Liver and Bile
Lancet. 2023;402(10415):1835–47
Atezolizumab plus bevacizumab versus active surveillance in patients with resected or ablated high-risk hepatocellular carcinoma (IMbrave050): A randomized, open-label, multicenter, phase 3 trial
Background: No adjuvant treatment has been established for patients who remain at high risk for hepatocellular carcinoma recurrence after curative-intent resection or ablation. The aim of this study was to assess the efficacy of adjuvant atezolizumab plus bevacizumab versus active surveillance in patients with high-risk hepatocellular carcinoma.
Methods: In the global, open-label, phase 3 IMbrave050 study, adult patients with high-risk surgically resected or ablated hepatocellular carcinoma were recruited from 134 hospitals and medical centers in 26 countries in 4 WHO regions (European region, region of the Americas, South-East Asia region, and Western Pacific region). Patients were randomly assigned in a 1:1 ratio via an interactive voice-web response system using permuted blocks, using a block size of 4, to receive intravenous 1200 mg atezolizumab plus 15 mg/kg bevacizumab every 3 weeks for 17 cycles (12 months) or to active surveillance. The primary end point was recurrence-free survival by independent review facility assessment in the intention-to-treat population.

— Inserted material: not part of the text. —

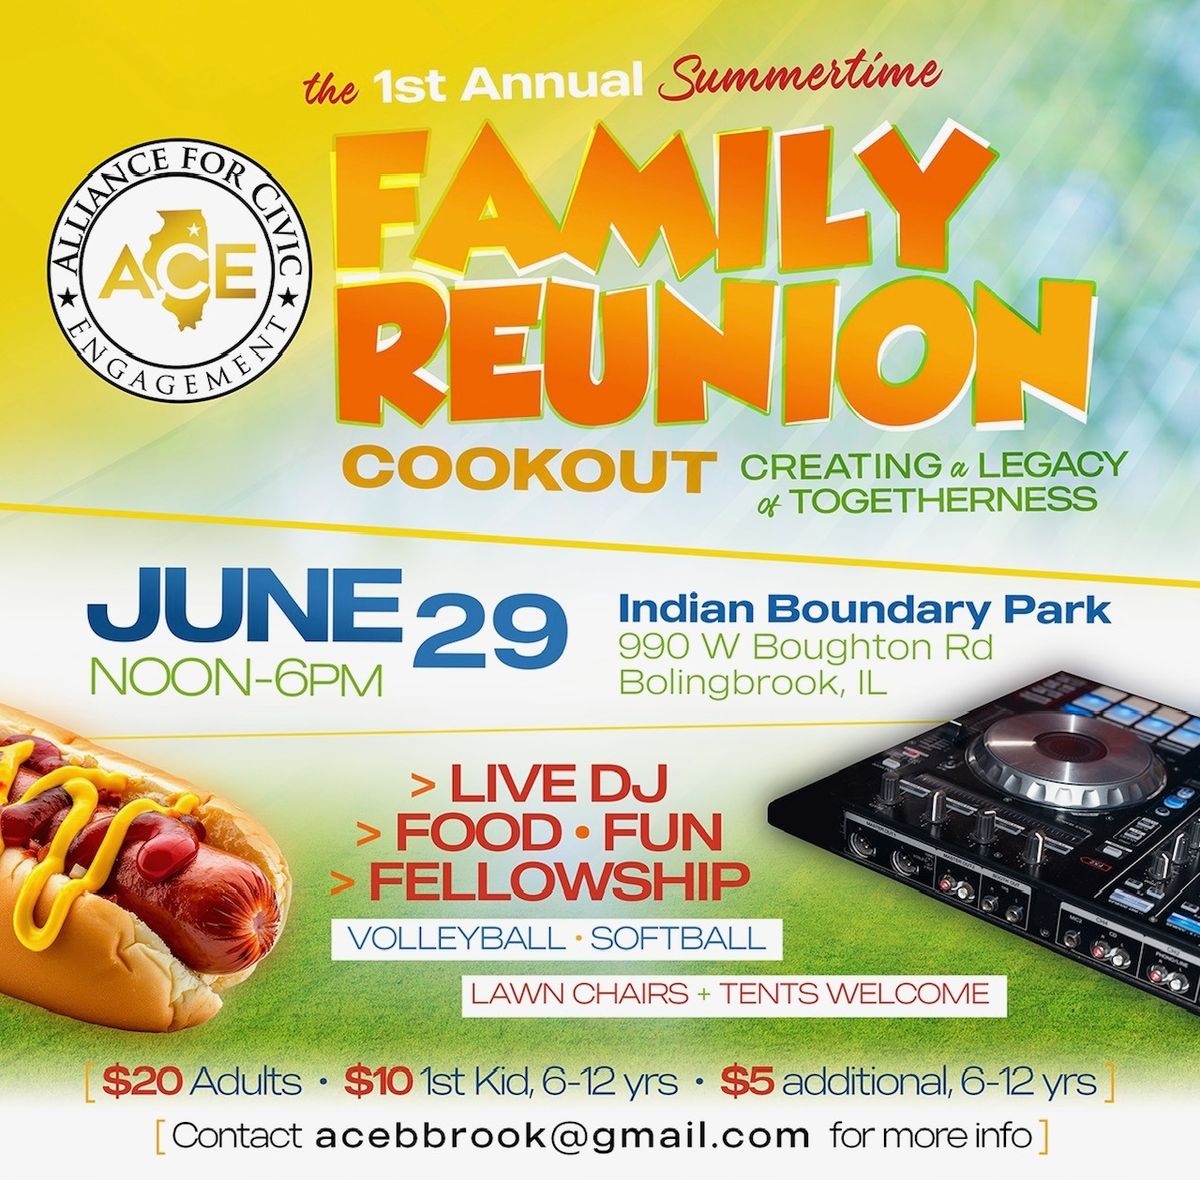 Alliance for Civic Engagement (ACE) - Summertime Family Reunion Cookout
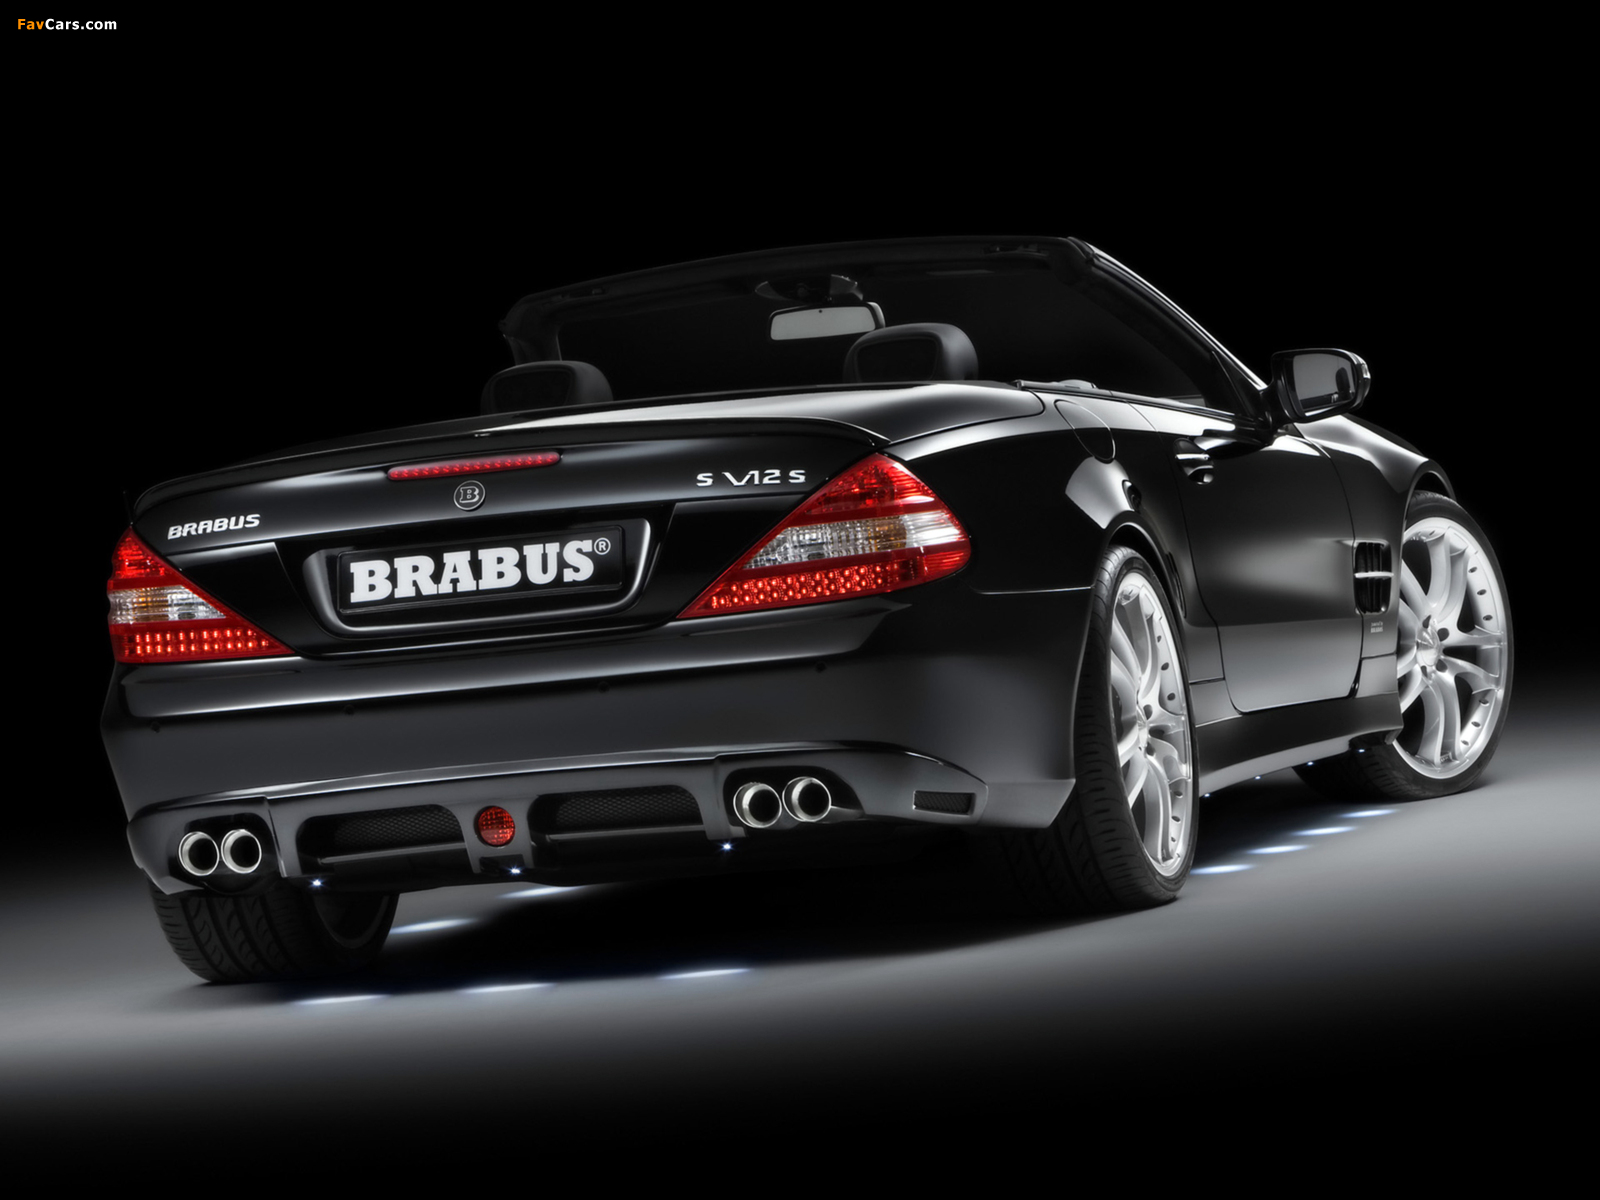 Pictures of Brabus S V12 S (R230) 2008 (1600 x 1200)

Findings: The intention-to-treat population included 668 patients randomly assigned between December 31, 2019, and November 25, 2021, to either atezolizumab plus bevacizumab (n = 334) or to active surveillance (n = 334). At the prespecified interim analysis (October 21, 2022), median duration of follow-up was 17.4 months (interquartile range, 13.9–22.1). Adjuvant atezolizumab plus bevacizumab was associated with significantly improved recurrence-free survival (median, not evaluable [NE] [95% confidence interval {CI}: 22.1–NE]) compared with active surveillance (median, NE [95% CI: 21.4–NE]; hazard ratio = 0.72 [adjusted 95% CI: 0.53–0.98]; p = 0.012). Grade 3 or 4 adverse events occurred in 136 of 332 patients (41%) who received atezolizumab plus bevacizumab and 44 of 330 patients (13%) in the active surveillance group. Grade 5 adverse events occurred in 6 patients (2%, 2 of which were treatment related) in the atezolizumab plus bevacizumab group, and 1 patient (< 1%) in the active surveillance group. Both atezolizumab and bevacizumab were discontinued because of adverse events in 29 patients (9%) who received atezolizumab plus bevacizumab.
Interpretation: Among patients at high risk of hepatocellular carcinoma recurrence following curative-intent resection or ablation, recurrence-free survival was improved in those who received atezolizumab plus bevacizumab versus active surveillance. To the authors’ knowledge, IMbrave050 is the first phase 3 study of adjuvant treatment for hepatocellular carcinoma to report positive results. However, longer follow-up for both recurrence-free and overall survival is needed to assess the benefit-risk profile more fully.